:: Your instructions ::
Copy the data. Keep every character as given.

:: Dataset extract ::
________________________

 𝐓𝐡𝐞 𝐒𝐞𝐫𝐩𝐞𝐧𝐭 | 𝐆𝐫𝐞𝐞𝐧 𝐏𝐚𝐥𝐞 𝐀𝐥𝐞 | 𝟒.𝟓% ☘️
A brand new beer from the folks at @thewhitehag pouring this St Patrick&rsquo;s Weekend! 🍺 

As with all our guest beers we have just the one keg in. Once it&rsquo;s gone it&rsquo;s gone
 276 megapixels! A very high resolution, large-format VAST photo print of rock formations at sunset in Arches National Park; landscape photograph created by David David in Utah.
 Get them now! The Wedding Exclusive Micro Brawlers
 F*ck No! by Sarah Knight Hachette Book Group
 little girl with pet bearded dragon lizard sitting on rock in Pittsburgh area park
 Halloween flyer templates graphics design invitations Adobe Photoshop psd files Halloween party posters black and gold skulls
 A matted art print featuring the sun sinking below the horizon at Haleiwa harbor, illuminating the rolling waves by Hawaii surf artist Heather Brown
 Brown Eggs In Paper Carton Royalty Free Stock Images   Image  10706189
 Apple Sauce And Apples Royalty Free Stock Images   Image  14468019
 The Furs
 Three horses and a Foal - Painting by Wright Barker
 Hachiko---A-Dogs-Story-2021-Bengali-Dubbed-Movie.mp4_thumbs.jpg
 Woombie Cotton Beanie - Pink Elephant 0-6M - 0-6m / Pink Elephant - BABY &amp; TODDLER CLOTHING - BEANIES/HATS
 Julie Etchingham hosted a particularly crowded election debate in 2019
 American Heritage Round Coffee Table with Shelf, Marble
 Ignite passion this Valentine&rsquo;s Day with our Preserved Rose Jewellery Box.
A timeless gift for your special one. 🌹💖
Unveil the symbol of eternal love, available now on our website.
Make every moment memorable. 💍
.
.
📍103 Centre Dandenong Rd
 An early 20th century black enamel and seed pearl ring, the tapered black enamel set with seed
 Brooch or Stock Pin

________________________

:: Task answer ::
 𝐓𝐡𝐞 𝐒𝐞𝐫𝐩𝐞𝐧𝐭 | 𝐆𝐫𝐞𝐞𝐧 𝐏𝐚𝐥𝐞 𝐀𝐥𝐞 | 𝟒.𝟓% ☘️
A brand new beer from the folks at @thewhitehag pouring this St Patrick&rsquo;s Weekend! 🍺 

As with all our guest beers we have just the one keg in. Once it&rsquo;s gone it&rsquo;s gone
 276 megapixels! A very high resolution, large-format VAST photo print of rock formations at sunset in Arches National Park; landscape photograph created by David David in Utah.
 Get them now! The Wedding Exclusive Micro Brawlers
 F*ck No! by Sarah Knight Hachette Book Group
 little girl with pet bearded dragon lizard sitting on rock in Pittsburgh area park
 Halloween flyer templates graphics design invitations Adobe Photoshop psd files Halloween party posters black and gold skulls
 A matted art print featuring the sun sinking below the horizon at Haleiwa harbor, illuminating the rolling waves by Hawaii surf artist Heather Brown
 Brown Eggs In Paper Carton Royalty Free Stock Images   Image  10706189
 Apple Sauce And Apples Royalty Free Stock Images   Image  14468019
 The Furs
 Three horses and a Foal - Painting by Wright Barker
 Hachiko---A-Dogs-Story-2021-Bengali-Dubbed-Movie.mp4_thumbs.jpg
 Woombie Cotton Beanie - Pink Elephant 0-6M - 0-6m / Pink Elephant - BABY &amp; TODDLER CLOTHING - BEANIES/HATS
 Julie Etchingham hosted a particularly crowded election debate in 2019
 American Heritage Round Coffee Table with Shelf, Marble
 Ignite passion this Valentine&rsquo;s Day with our Preserved Rose Jewellery Box.
A timeless gift for your special one. 🌹💖
Unveil the symbol of eternal love, available now on our website.
Make every moment memorable. 💍
.
.
📍103 Centre Dandenong Rd
 An early 20th century black enamel and seed pearl ring, the tapered black enamel set with seed
 Brooch or Stock Pin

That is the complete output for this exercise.